The expected response is the complete listing below, restated exactly, with its pictures omitted.

═════ PROVIDED MATERIAL

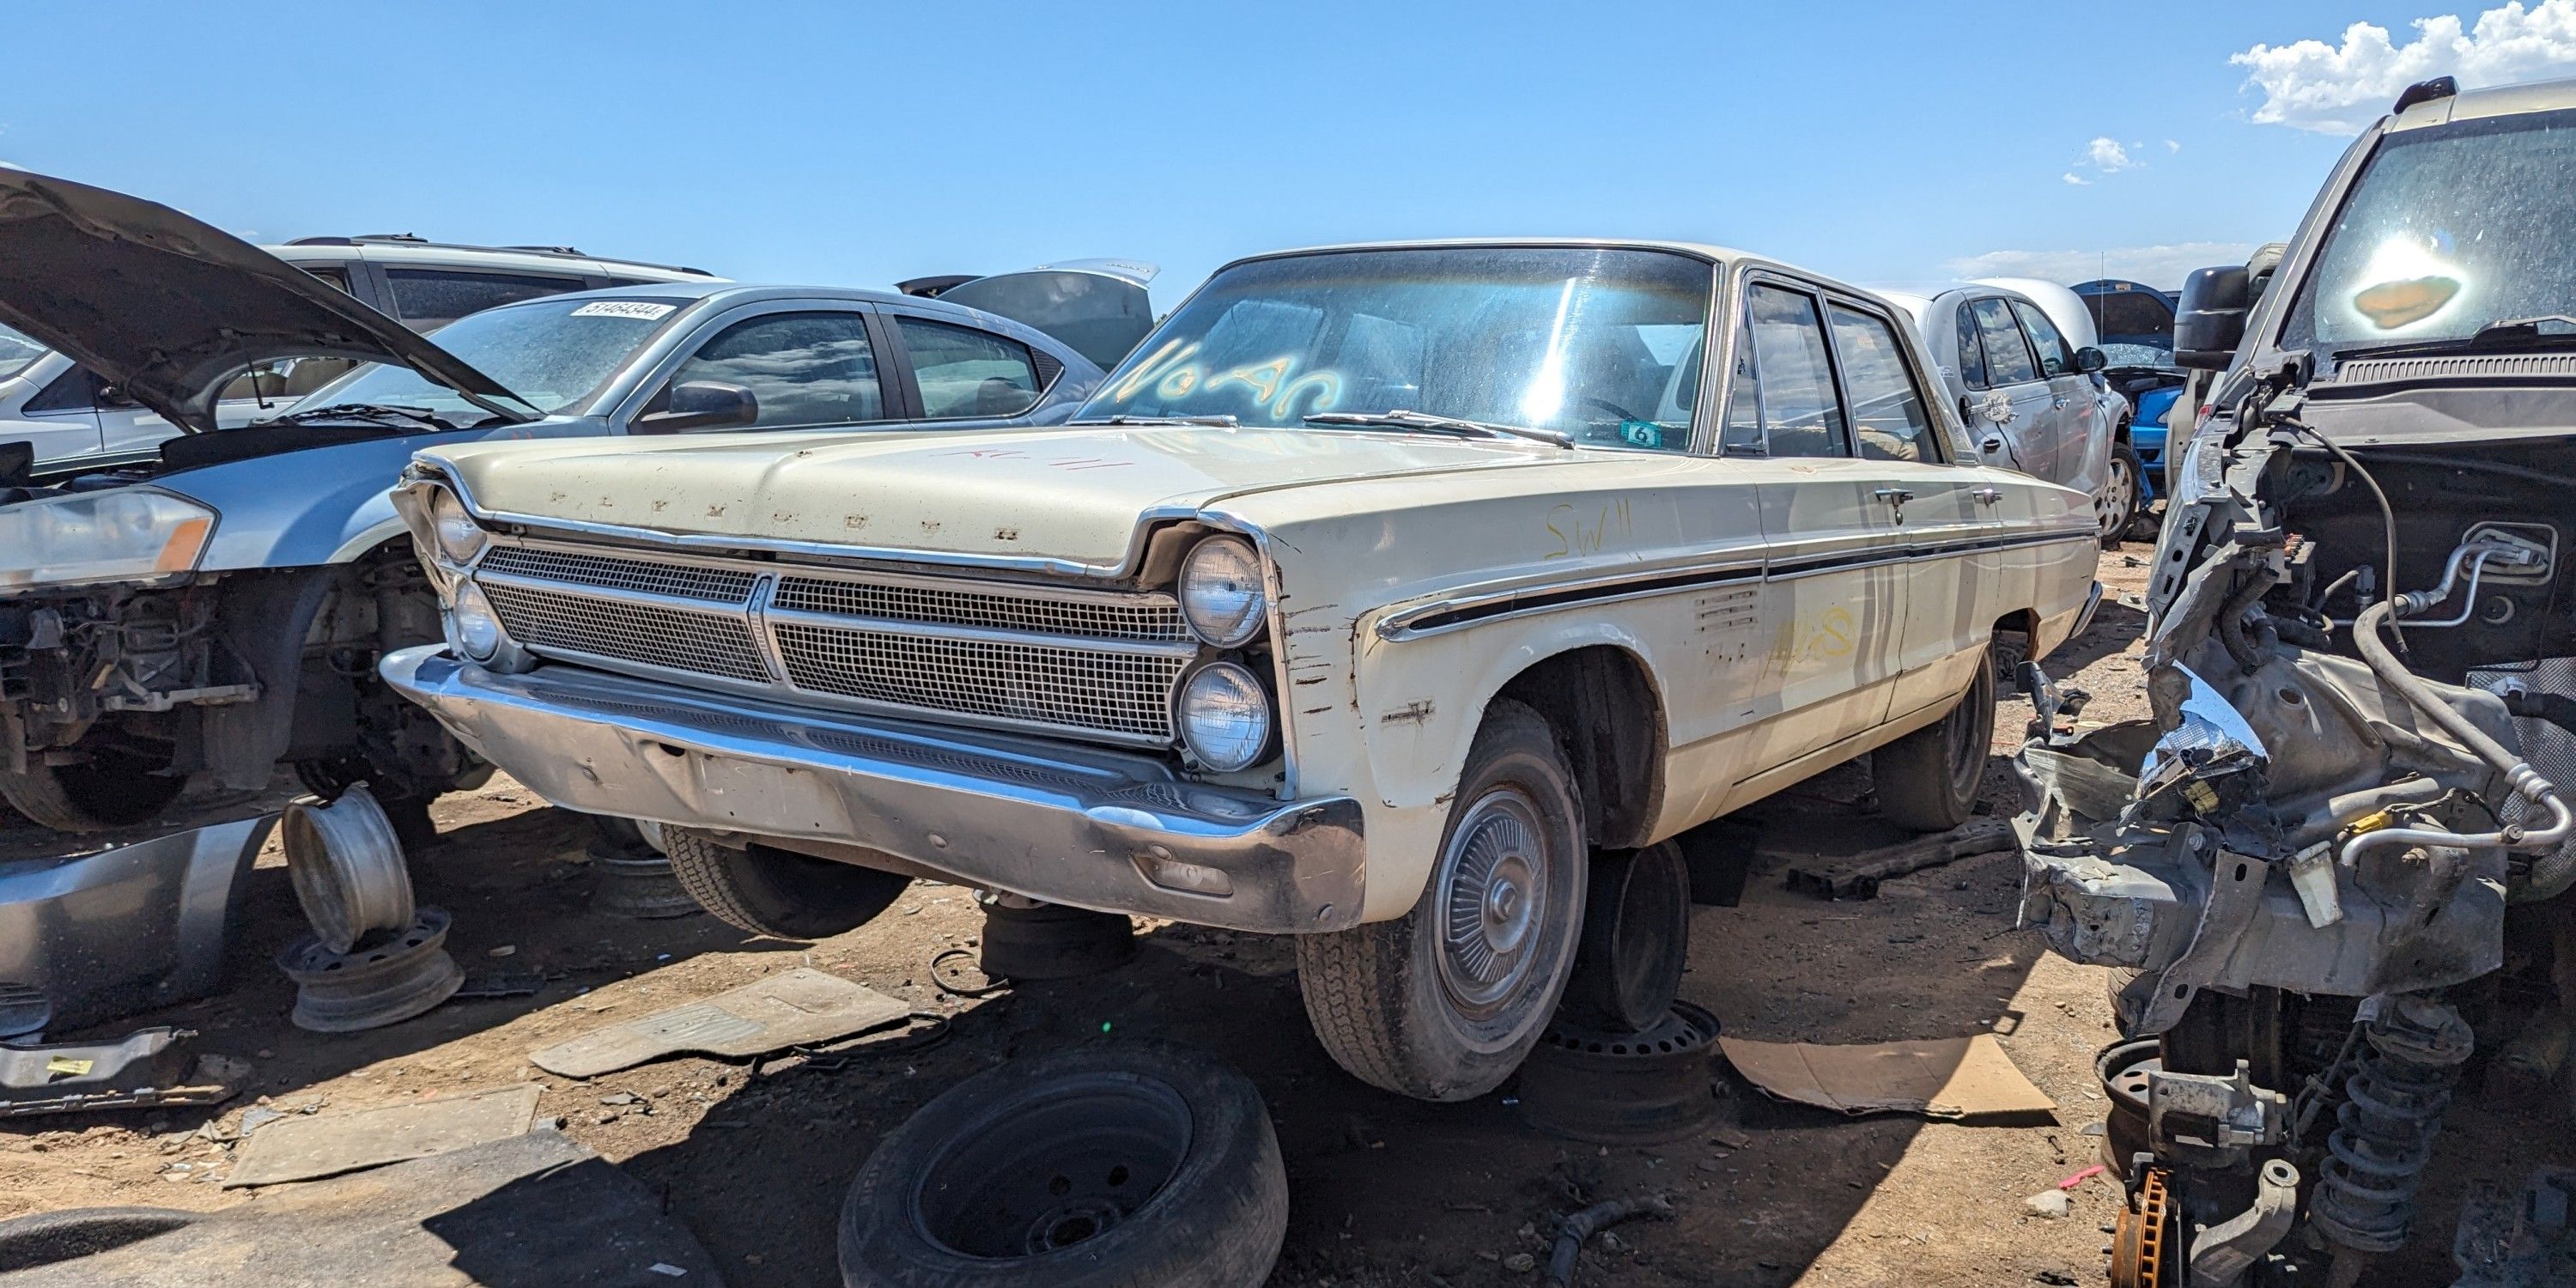 1965 Plymouth Fury III Sedan Is Junkyard Treasure in Colorado
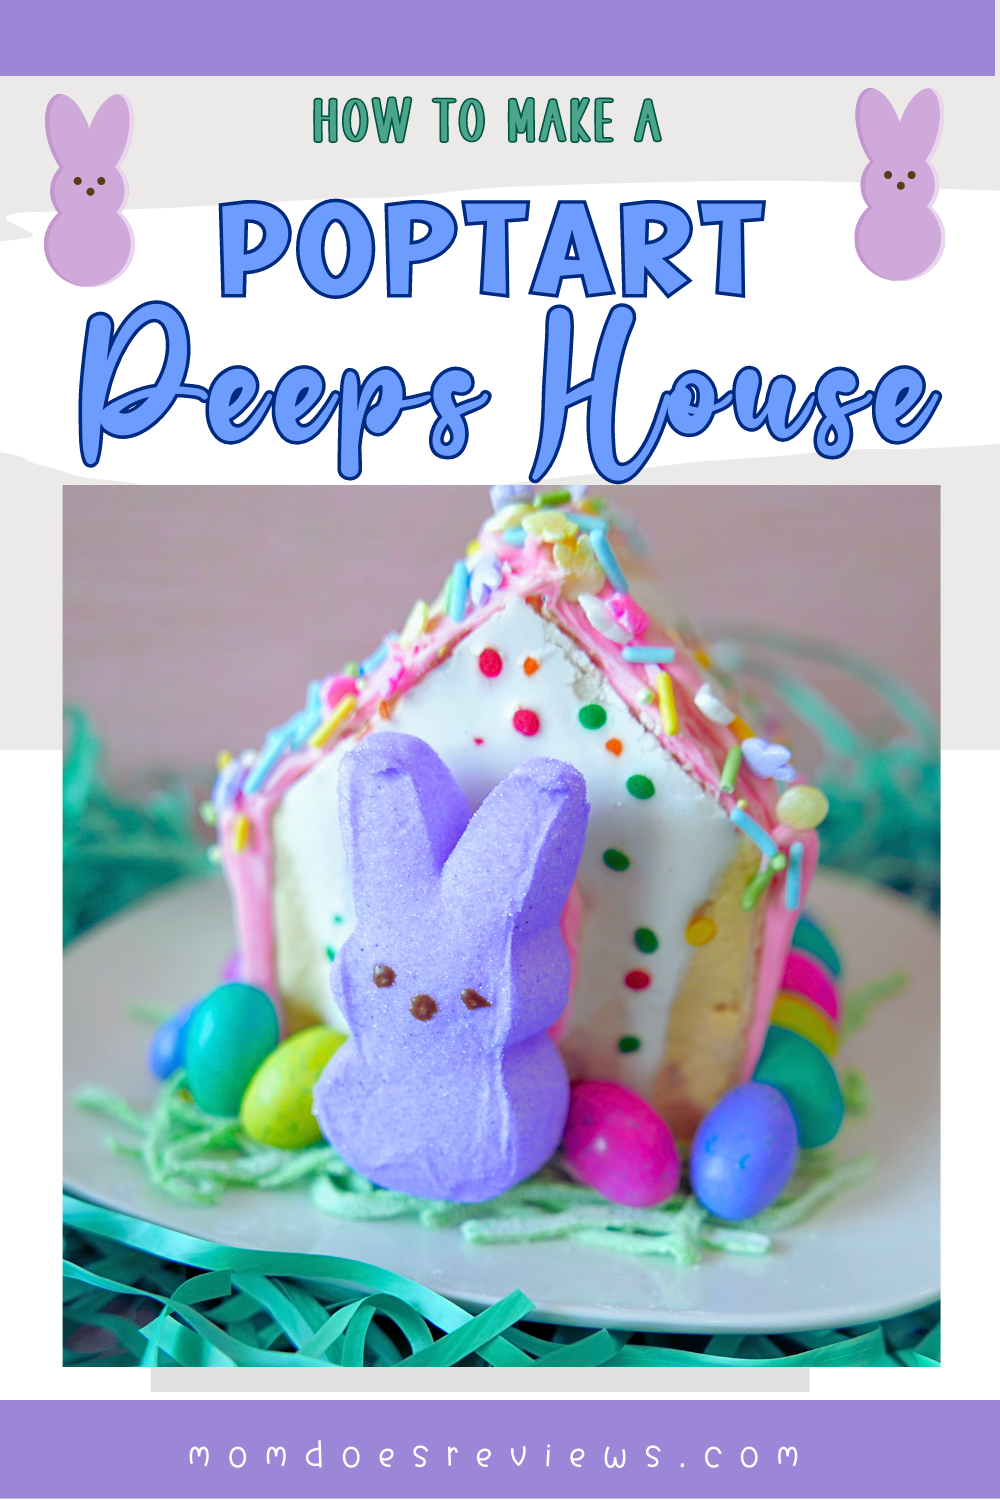 Make a Peeps House with PopTarts
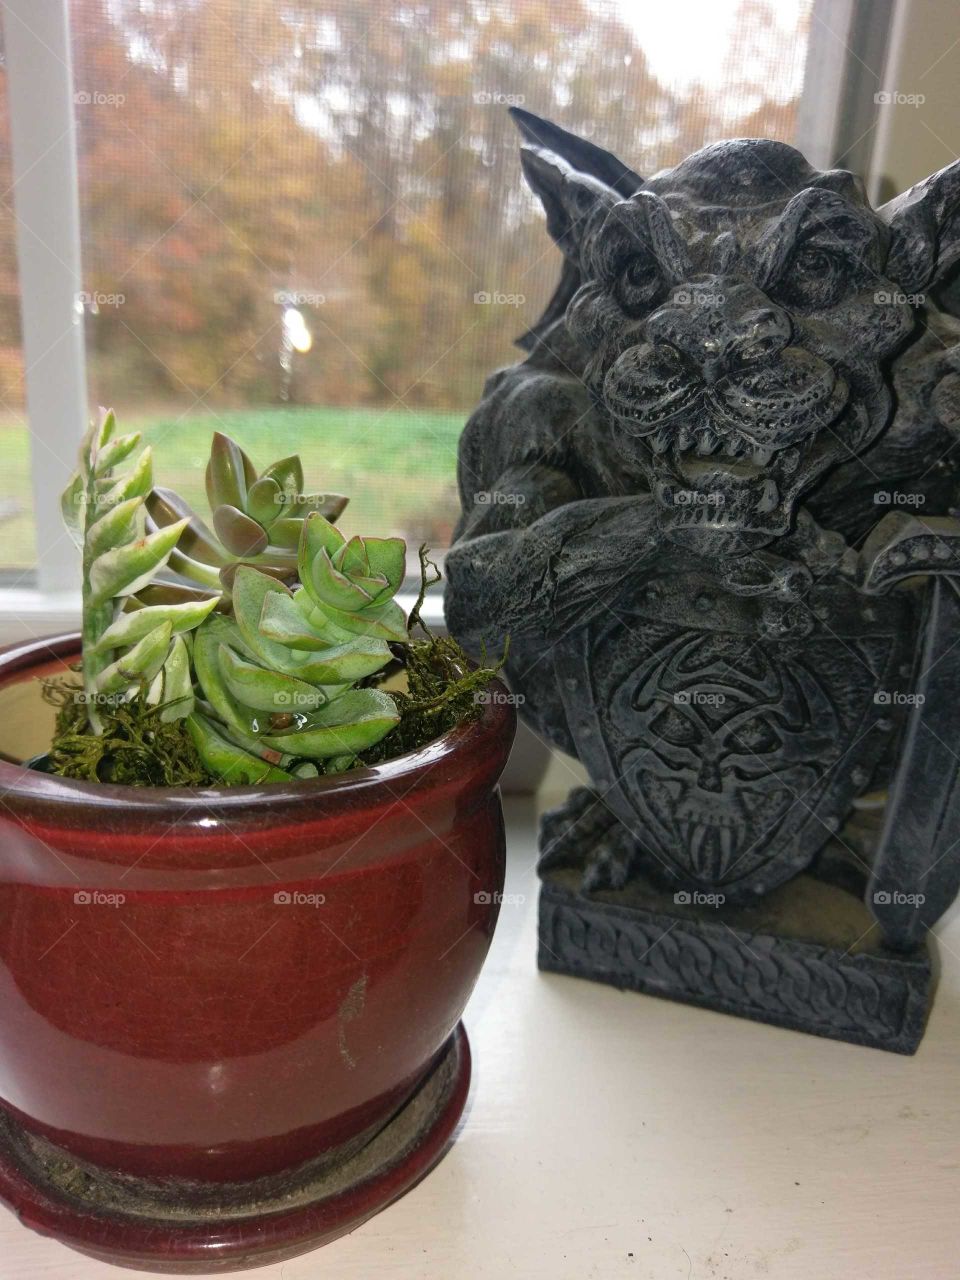 Gargoyle and succulent

══════════

> RESPONSE FOR THIS EXERCISE:
 1965 Plymouth Fury III Sedan Is Junkyard Treasure in Colorado
 Make a Peeps House with PopTarts
 Gargoyle and succulent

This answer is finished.